▸ **WHAT IS NEEDED**: With the pictures removed, the data below must be transcribed in full and exactly.

▸ **STORED DATA**:

———

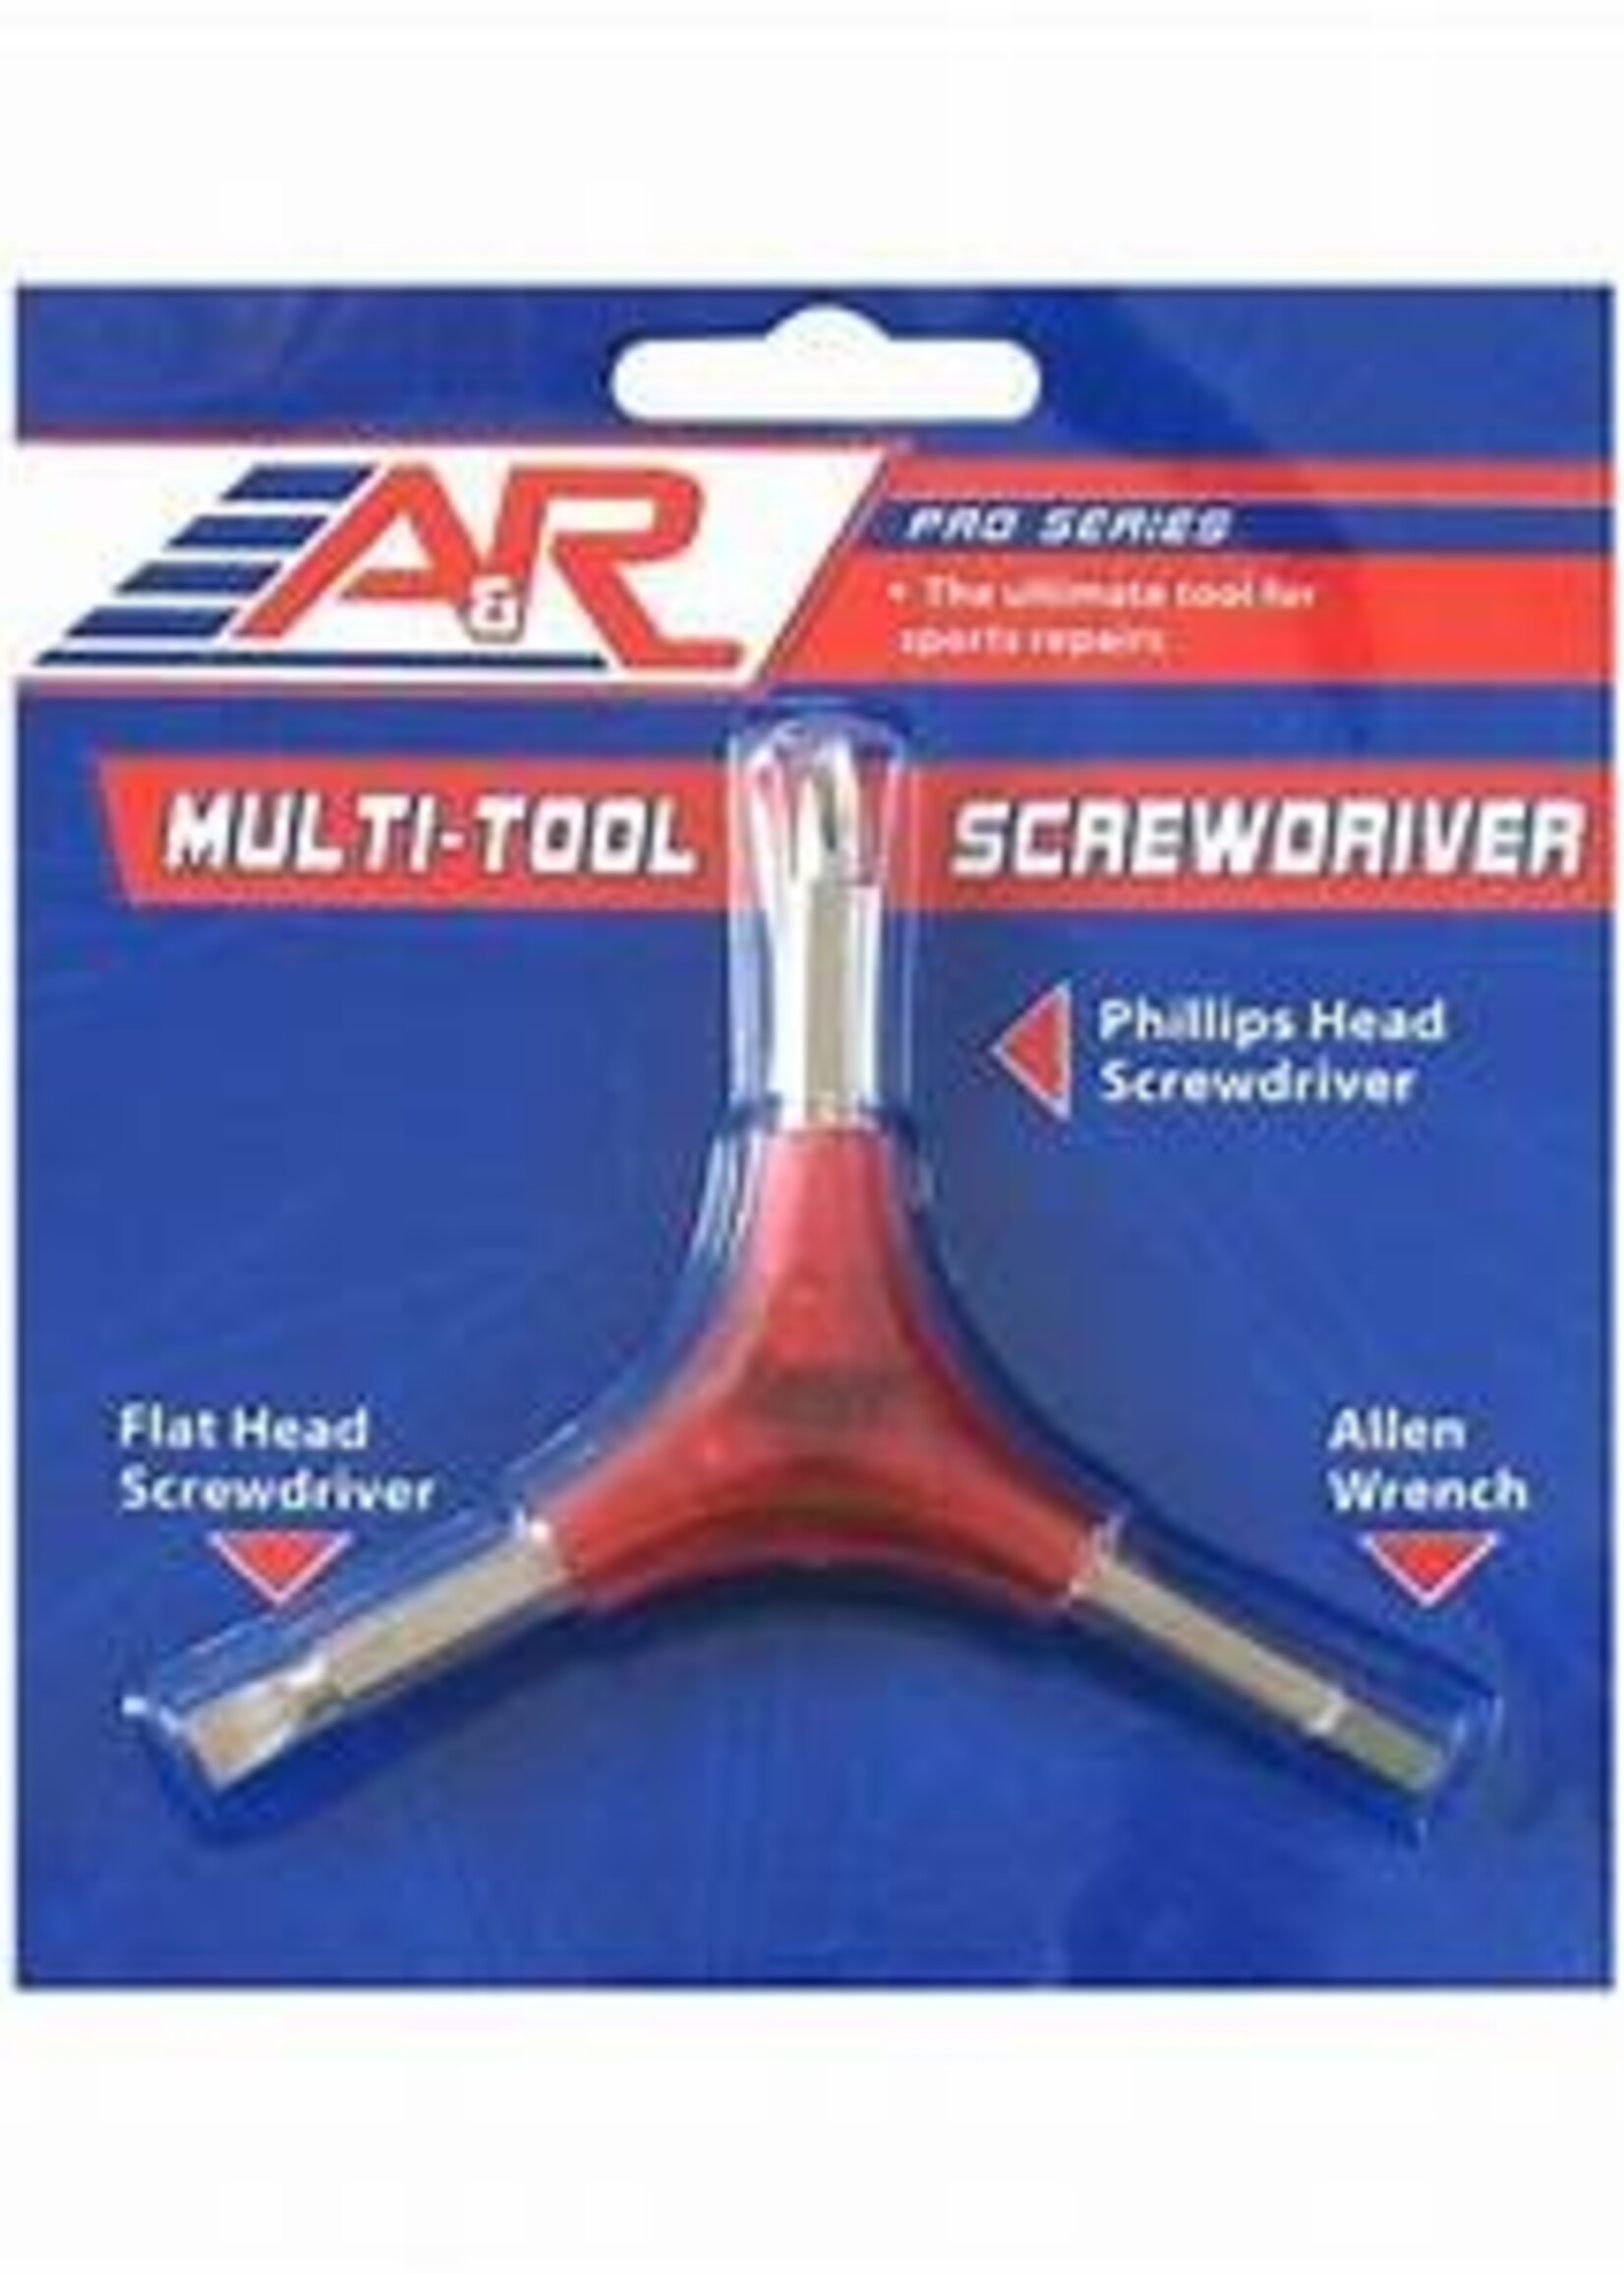 A&R Multi Tool Screwdriver
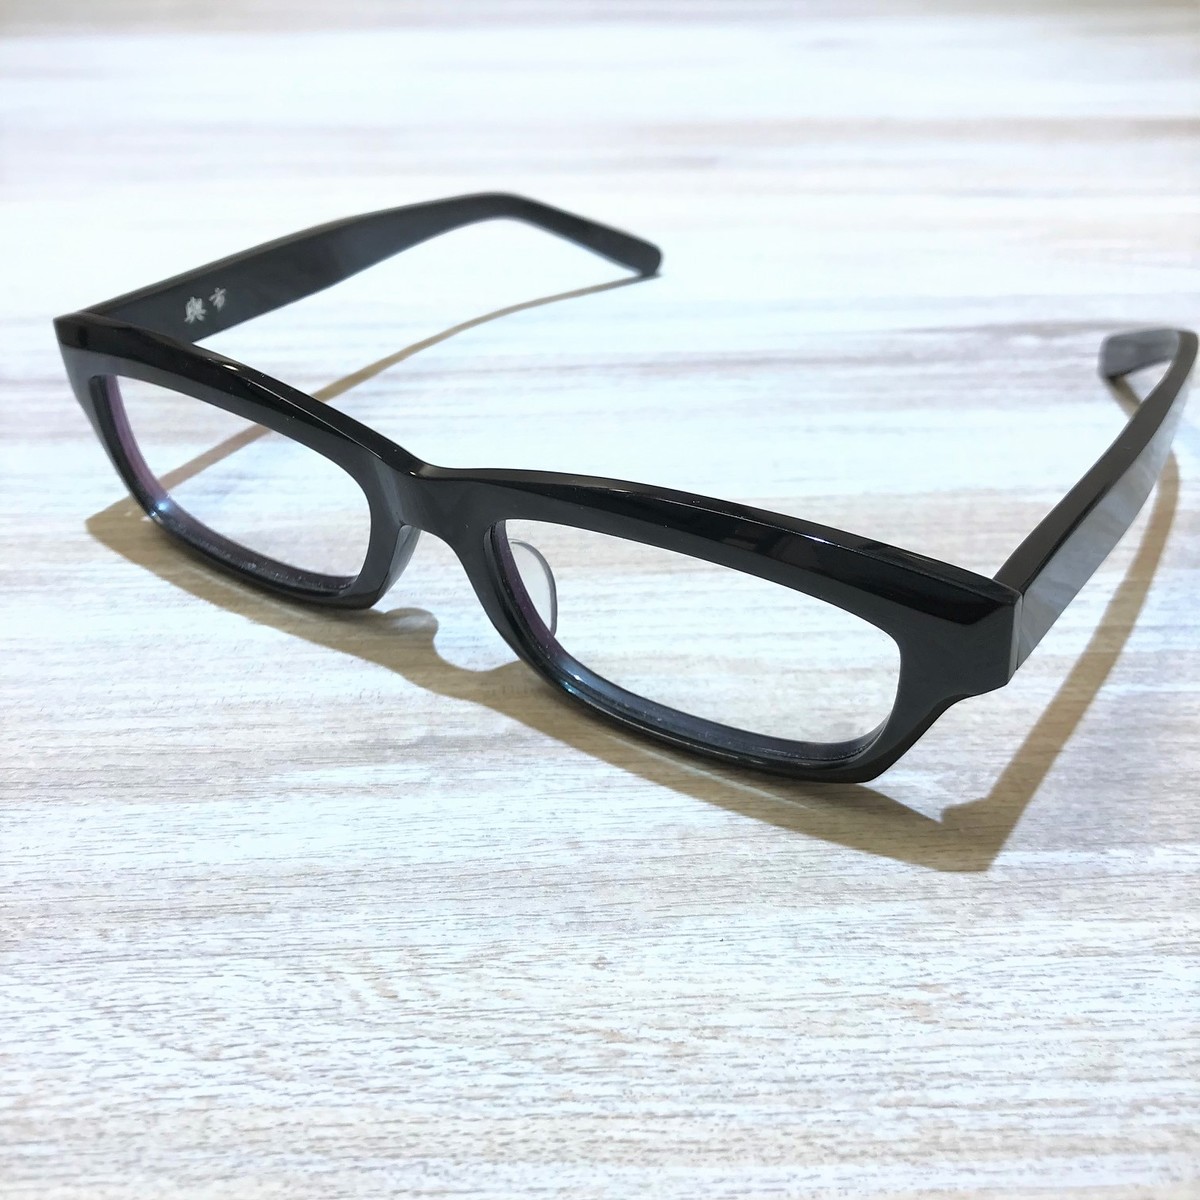 金子眼鏡の黒 Y-22 與一 紀州備長炭配合 眼鏡の買取実績です。
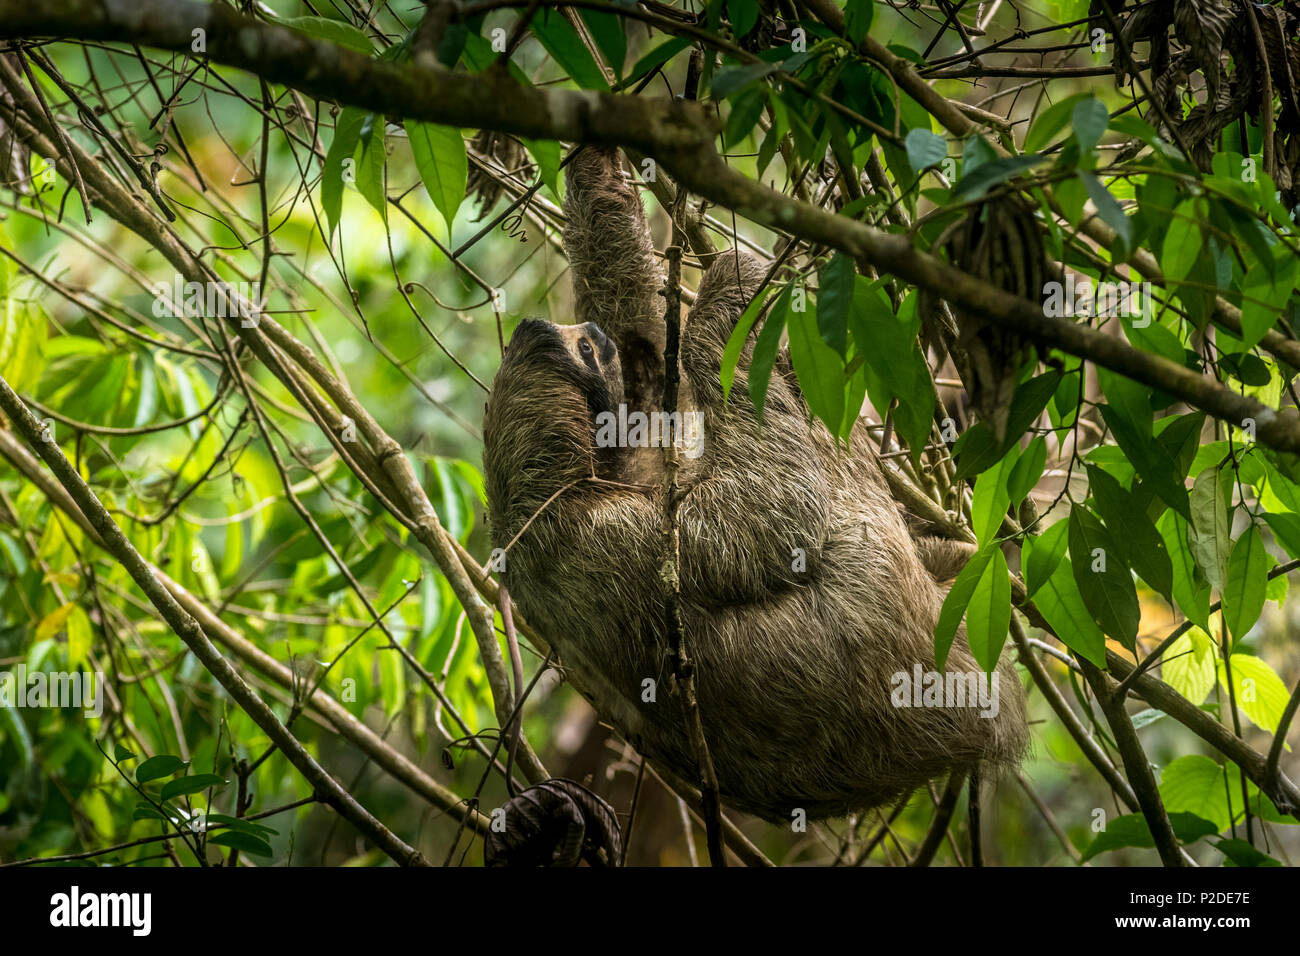 3 toed Sloth in einem Baum Bild in Panama genommen Stockfoto
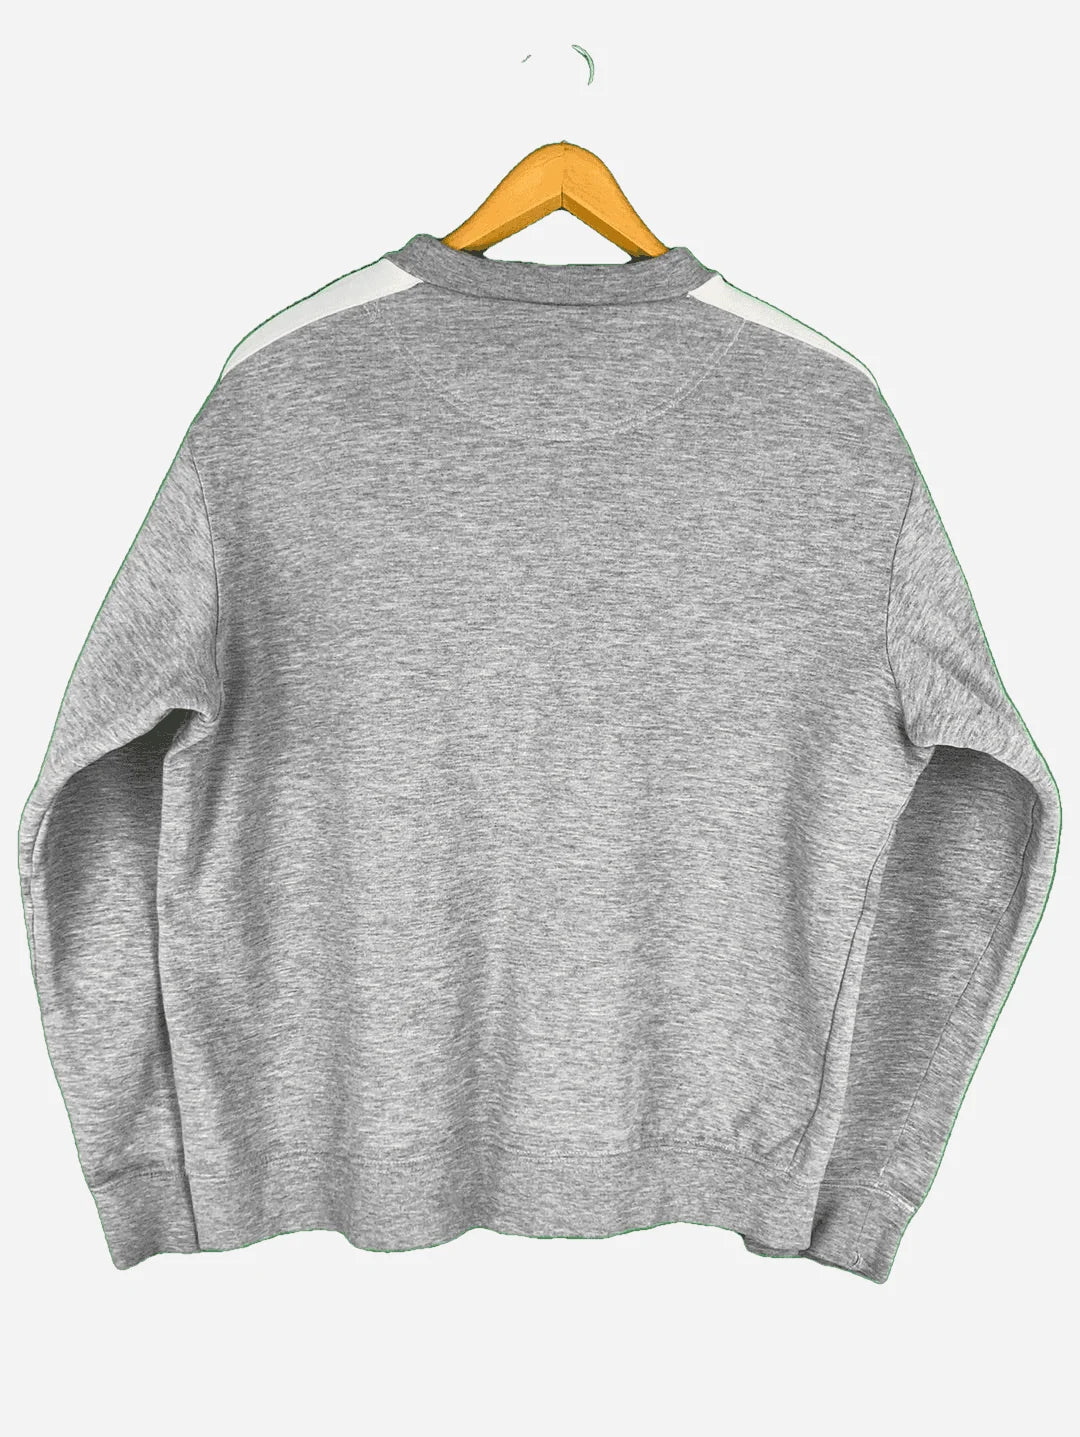 Nike Sweater (S)

———

▸ **ANSWER TO THIS EXERCISE**:
 A&R Multi Tool Screwdriver
 金子眼鏡の黒 Y-22 與一 紀州備長炭配合 眼鏡の買取実績です。
 3 toed Sloth in einem Baum Bild in Panama genommen Stockfoto
 Nike Sweater (S)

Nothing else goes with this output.